Extracted information:
================================

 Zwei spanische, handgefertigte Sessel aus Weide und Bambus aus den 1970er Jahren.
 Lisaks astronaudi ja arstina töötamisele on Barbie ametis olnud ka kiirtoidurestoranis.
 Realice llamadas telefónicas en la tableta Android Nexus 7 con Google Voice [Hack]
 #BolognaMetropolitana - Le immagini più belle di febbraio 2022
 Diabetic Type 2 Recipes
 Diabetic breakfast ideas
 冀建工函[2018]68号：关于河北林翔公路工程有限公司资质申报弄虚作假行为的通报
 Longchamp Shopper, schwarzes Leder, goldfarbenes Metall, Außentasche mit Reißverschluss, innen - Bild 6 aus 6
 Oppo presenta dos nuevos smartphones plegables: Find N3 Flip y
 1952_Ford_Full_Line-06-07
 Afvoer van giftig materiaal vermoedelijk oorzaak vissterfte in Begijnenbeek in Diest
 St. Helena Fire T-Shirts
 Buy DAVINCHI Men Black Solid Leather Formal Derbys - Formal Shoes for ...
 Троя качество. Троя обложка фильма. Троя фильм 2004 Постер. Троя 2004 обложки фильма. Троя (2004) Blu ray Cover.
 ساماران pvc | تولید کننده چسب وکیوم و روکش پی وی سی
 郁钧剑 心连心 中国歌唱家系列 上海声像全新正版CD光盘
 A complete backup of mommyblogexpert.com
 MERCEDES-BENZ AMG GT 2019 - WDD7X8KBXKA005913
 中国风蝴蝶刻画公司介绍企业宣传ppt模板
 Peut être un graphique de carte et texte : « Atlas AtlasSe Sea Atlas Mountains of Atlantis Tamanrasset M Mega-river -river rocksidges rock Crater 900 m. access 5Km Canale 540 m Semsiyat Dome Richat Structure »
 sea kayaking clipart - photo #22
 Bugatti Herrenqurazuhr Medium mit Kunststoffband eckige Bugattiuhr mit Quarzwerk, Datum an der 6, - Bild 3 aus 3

================================

What you will do:
From the beginning of the listing above down to the line with "Realice llamadas telefónicas", every line should be restated exactly.

Your response:
 Zwei spanische, handgefertigte Sessel aus Weide und Bambus aus den 1970er Jahren.
 Lisaks astronaudi ja arstina töötamisele on Barbie ametis olnud ka kiirtoidurestoranis.
 Realice llamadas telefónicas en la tableta Android Nexus 7 con Google Voice [Hack]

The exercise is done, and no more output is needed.